Kamis, 17 April 2014

DIKALA SENJA BERAKHIR



Apakah aku sedang melayang? Seluruh permukaan kulitku tak merasakan tekanan apapun. Apakah aku tertidur dan bermimpi? Tapi disenja hari seperti ini aku tak biasa tertidur.
            Kubuka semua indraku dengan pelan. Sepanjang berfikir tadi hanya perasa yang aktif, aku dapat merasakan sinar kuning keemasan meraba pori-pori dengan suasana yang sibuk tetapi sangat tenang. Sedikit demi sedikit aroma tembakau kualitas terendah tercium pekat terpadu dengan bau kopi instan yang mengkontaminasi otak belakangku, kebiasaan buruk yang kuketahui akan kusesali seumur hidup.
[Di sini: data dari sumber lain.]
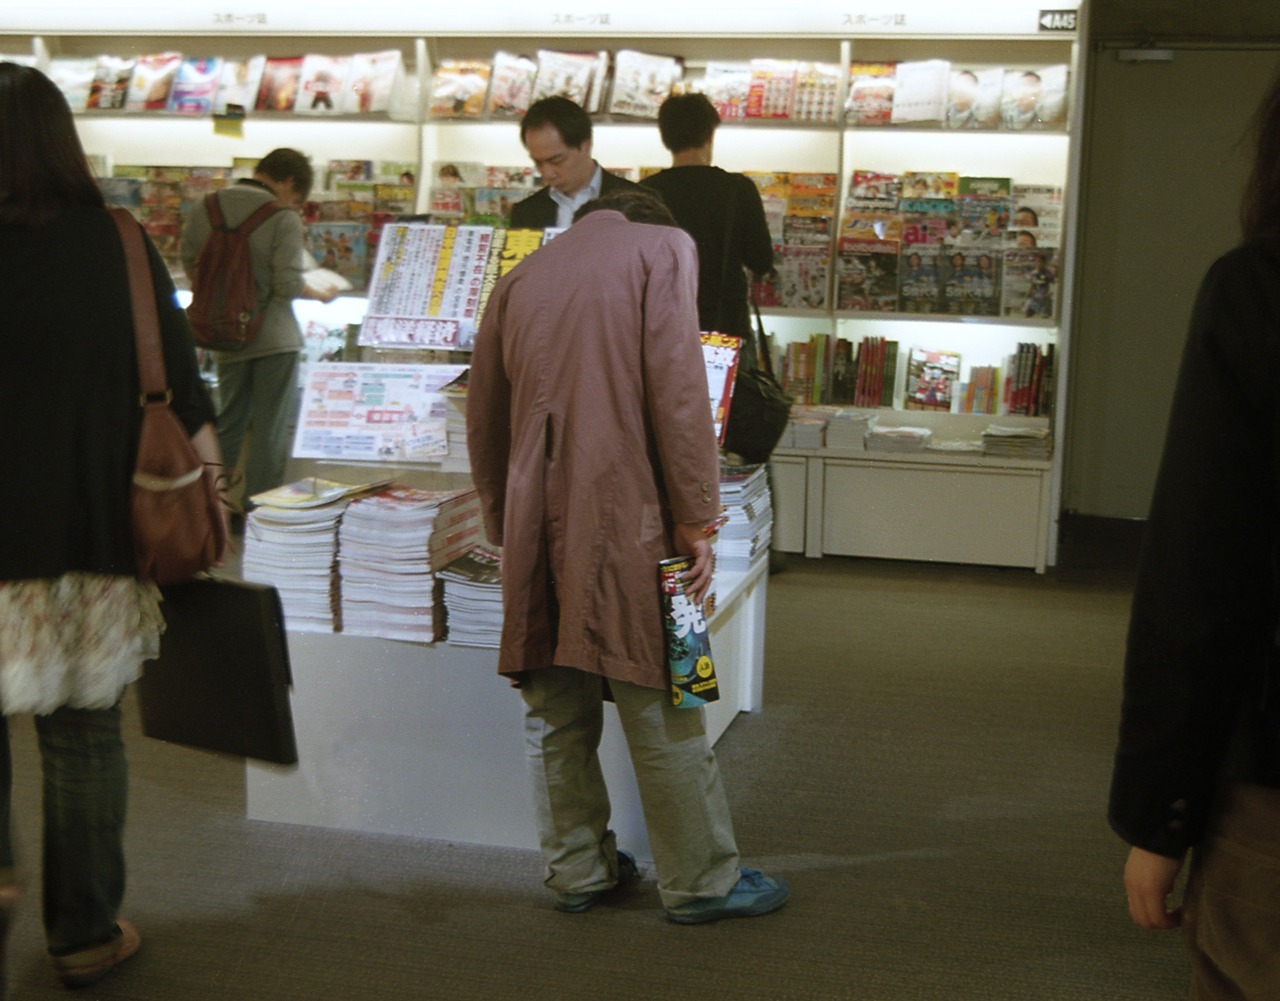 The artist is visiting a bookstore in Tokyo.

            Tali temali jaring laba-laba kulihat disetiap pojok pertemuan dinding beton ini. Aku selalu heran melihat mereka, tak bosan bergantung disana walaupun setiap minggu diusir dengan paksa. Aku selalu berpendapat kalau mereka sekumpulan makhluk bodoh, tapi disaat seperti ini entah mengapa kata-kata takdir yang terpikir lebih tepat untuk mereka. Anjing menggonggong diluar tempat ini, lalu lalang pembawa karbon sedang bahagia akan segera dirumah. Keadaan yang kukenali betul.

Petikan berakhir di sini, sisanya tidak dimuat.